Many species of fish (particularly tuna and cod) and crustaceans such as crab and lobster are consumed in Comorian soups and stews, often in conjunction with root crops like cassava and green (unripe) banana. Examples of dishes of this type include roti ya houma pampa (dried salt cod rehydrated and slowly simmered in a rougail (sauce) of onion and tomato) and m'tsolola (firm-fleshed fish such as swordfish cooked with plantains and spinach or native greens like matava (cassava leaves) in coconut milk). In recent decades, French-influenced seafood dishes (such as langouste à la vanille, small lobsters in vanilla sauce) have also become popular, especially on Mayotte.
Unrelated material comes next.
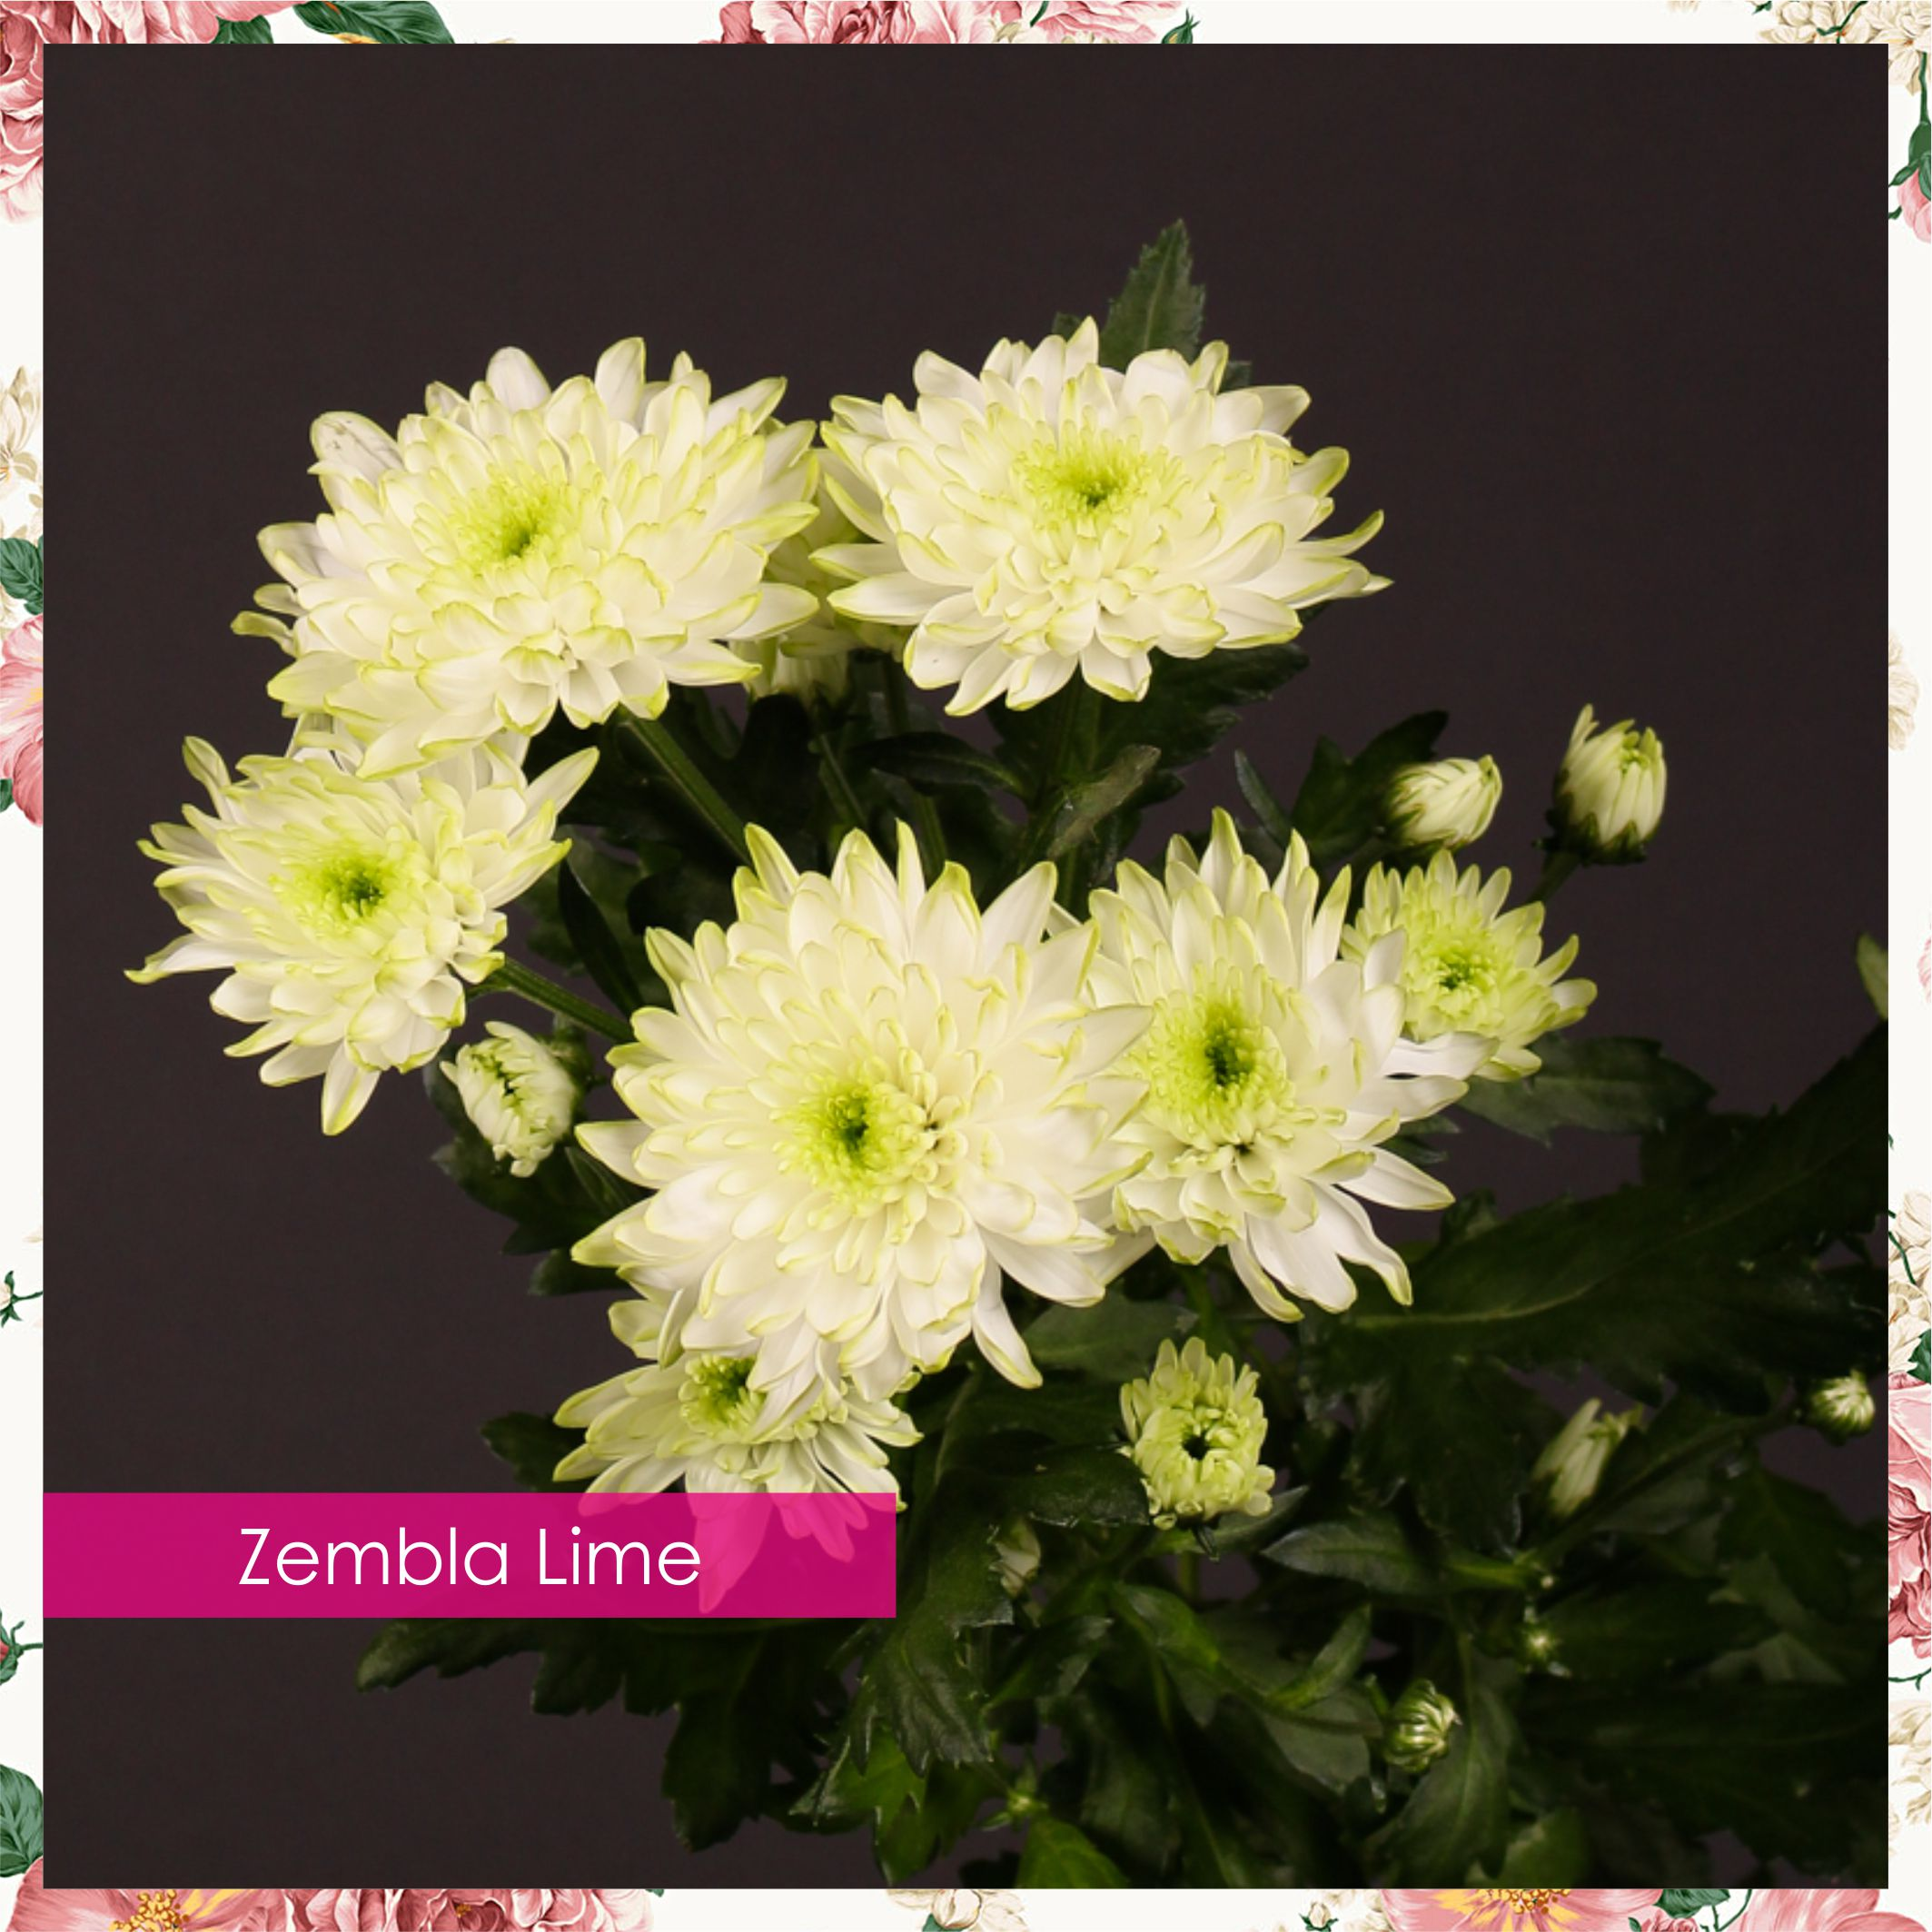 Цветы юга прайс на хризантему, цветы

Meals centered around meats such as beef and chicken are also eaten in the Comoros. A prominent example, mshakiki (marinated skewered beef) bears strong similarities to mishkaki from Kenya and Tanzania. Akoho sy voanio or poulet au coco originates in Madagascar and consists of chicken cooked in coconut cream. (Coconuts, termed nazi in some Comorian languages, are utilized in a wide range of dishes from the archipelago.) Popular accompaniments to these dishes include achard aux legumes (tangy pickled lemon or green mango) and pilaou (fragrant rice pilaf originating in the nearby Zanzibar Archipelago).

Mkatra siniya (Comorian spice cake), shihondro (caramelized peanut candy) and ladu (cashew/rice balls with a hint of black pepper) are a few examples of desserts eaten in the islands.

In the Comoros, the term thé (tea) often refers to tisanes or infusions of native herbs like mani ya mdarassini (cinnamon leaves) and mani ya sandze (lemongrass) rather than tea-based drinks themselves. Juices like jackfruit, papaya, and mango are also commonly consumed. Although alcoholic beverages are available in certain parts of the country (notably the large Volo-Volo market in the national capital Moroni), the public consumption of alcohol is generally frowned upon in the islands as over 95 % of the population are devout Sunni Muslims. Blood and pork consumption is also illegal in the country.